# Heat & Glo vs. Valor



## Heidik (Jan 28, 2017)

Hello!
We are getting ready to purchase a gas insert for our living room upstairs. We are debating between a Heat n Glo GRAND-I35-SP and the Valor Legend g3.5/g4. Our insert size is 35" x 27" so it is a large opening.

When looking at both of the fireplaces, the heat n glo fireplace has a fan and we noticed that the Valor fireplace does not require one. We live in Montana and will be using this to heat the upstairs along with a gas furnace we have in our basement.

I am posting pictures of our living room area and the fireplace opening itself. We will be cutting the sheet rock around it and installing a cement backing along with  tiles with a hearth when we get the insert complete.

Any recommendations out there on which is better? It seems to me we are in the same price range for both as we consider them.


----------



## McGoo_365 (Jan 29, 2017)

Valor is a Cadillac fireplace.  Great radiant heat.  The blower is optional. In this case get it.  You won't be disappointed with the fireplace. The turn down with the gas valve is second to none. Works great on milder days. 

Sent from my SM-G930W8 using Tapatalk


----------



## McGoo_365 (Jan 29, 2017)

How cold is the average temperature in winter there?

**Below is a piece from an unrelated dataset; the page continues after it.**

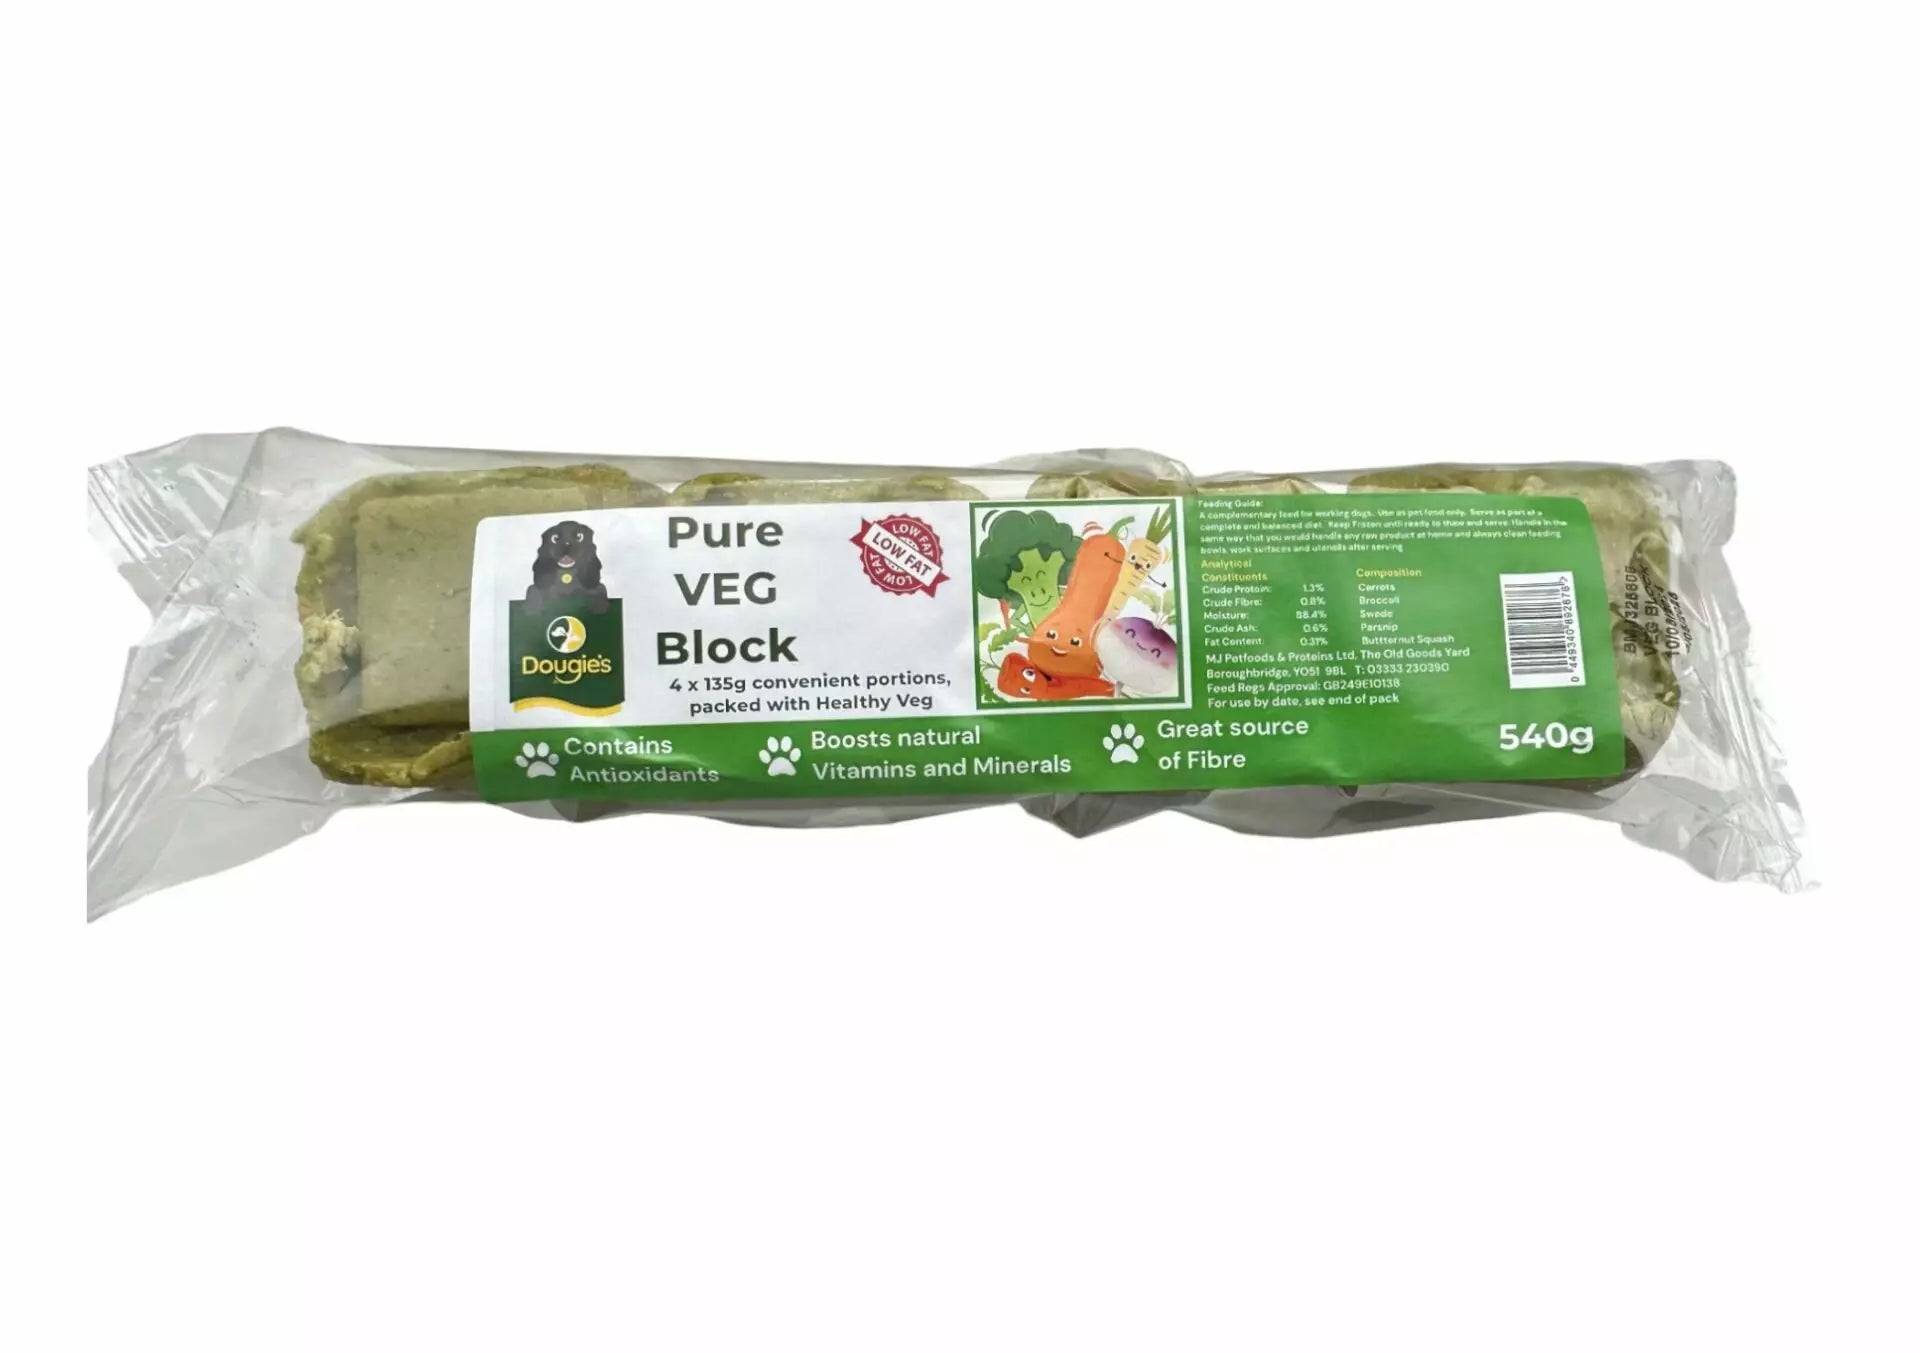 Dougie's Pure Veg Block 540g

Sent from my SM-G930W8 using Tapatalk


----------



## McGoo_365 (Jan 29, 2017)

If you're not planning on building a hearth get a four-sided surround. If you are planning on building a hearth get the Clearview front with the Vienna feet. 

Sent from my SM-G930W8 using Tapatalk


----------



## Heidik (Jan 29, 2017)

McGoo_365 said:


> How cold is the average temperature in winter there?
> 
> Sent from my SM-G930W8 using Tapatalk



It has gotten down to -40 this year, but that is not for a long time period. It is below 0 for at least a month every year.


----------



## McGoo_365 (Jan 29, 2017)

Heidik said:


> It has gotten down to -40 this year, but that is not for a long time period. It is below 0 for at least a month every year.


Wow that's cold. Also check out the montigo 34FID more BTUS also with a remote with smart thermostat and fan control and up lighting in the firebox.

http://www.montigo.com/index.php?page=show-product&c=inserts&series=I-Series

Sent from my SM-T800 using Tapatalk


----------